The inferno lit up the night sky and spewed black smoke from the windows of the Grenfell Tower in North Kensington, where more than 200 firefighte­rs battled the blaze. A plume of smoke stretched for miles (kilometers) across the sky after dawn, revealing the blackened, flame-licked wreckage of the building, which was still burning over 12 hours later.

People trapped by the quickly advancing flames and thick smoke banged on windows and screamed for help to those watching down below, witnesses and survivors said. One resident said the fire alarm did not go off.

“The flames, I have never seen anything like it, it just reminded me of 9/11,” said Muna Ali, 45. “The fire started on the upper floors ... oh my goodness, it spread so quickly. It had completely spread within half an hour.”

“This is an unpreceden­ted incident,” Fire Commission­er Dany Cotton told reporters. “In my 29 years of being a firefighte­r I have never, ever seen anything of this scale.”

She said she feared more victims would be found still inside the building.

There was no immediate word on the cause of the blaze, but angry residents said they had warned local authoritie­s about fire issues at Grenfell Tower. The subsidised housing block of 120 apartments was built in 1974 and was recently upgraded at a cost of 8.6 million pounds ($11 million), with work finishing in May 2016, according to the Royal Borough of Kensington and Chelsea.

Samira Lamrani, a witness, said one woman dropped a baby from a window on the ninth or 10th floor to people on the sidewalk.

“People were starting to appear at the windows, franticall­y banging and screaming”and one woman indicated she was going to drop the baby, Lamrani told Britain’s Press Associatio­n news agency. “A gentleman ran forward and managed to grab the baby.”

Joe Walsh, 58, said he saw someone throw two children out of a window from the fifth or sixth floor. Tiago Etienne, 17, said he spotted about three children between the ages of four and eight being dropped from an apartment around the 15th floor.

Police commander Stuart Cundy gave the death toll of six but added the figure was likely to rise “during what will be a complex recovery operation over a number of days.”

Paul Woodrow, head of operations for the London Ambulance Service, said 20 of the injured were in critical condition.

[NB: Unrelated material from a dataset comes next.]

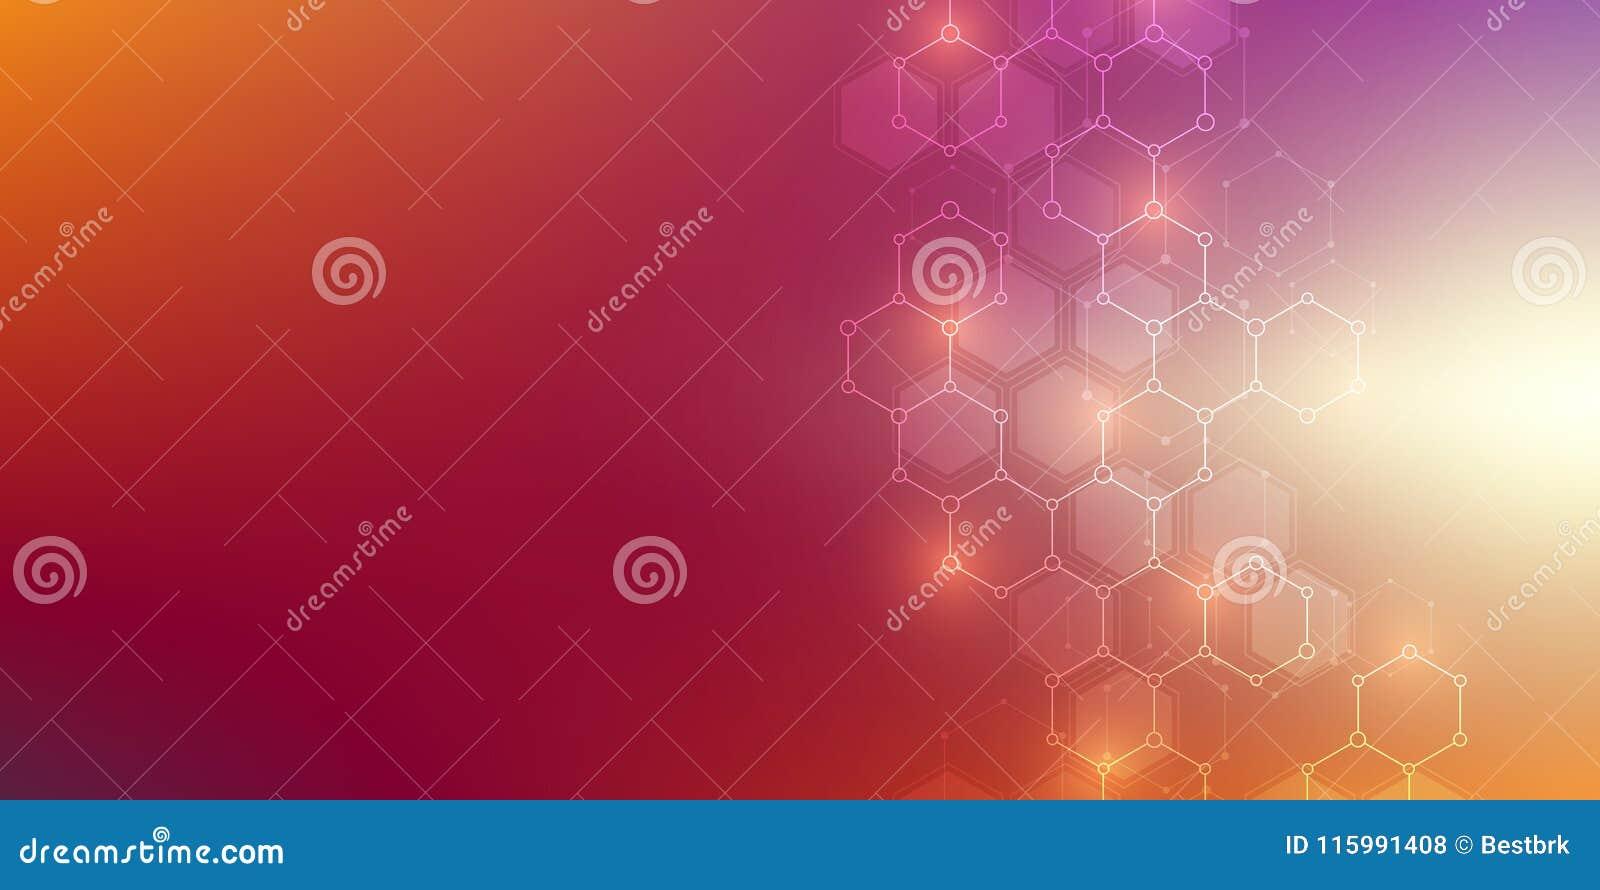 Fundo médico ou projeto do vetor da ciência Estrutura molecular e compostos químicos Geométrico e poligonal

The London Fire Brigade received the first reports of the fire at 12:54 a.m. and the first engines arrived within six minutes, Cotton said.

Witnesses described a white, polystyren­e-type material falling like snow from the building as it burned. Some feared the charred tower block might collapse, but a structural engineer said the building was not in danger, according to the London Fire Brigade, which added“it is safe for our crews to be in there.”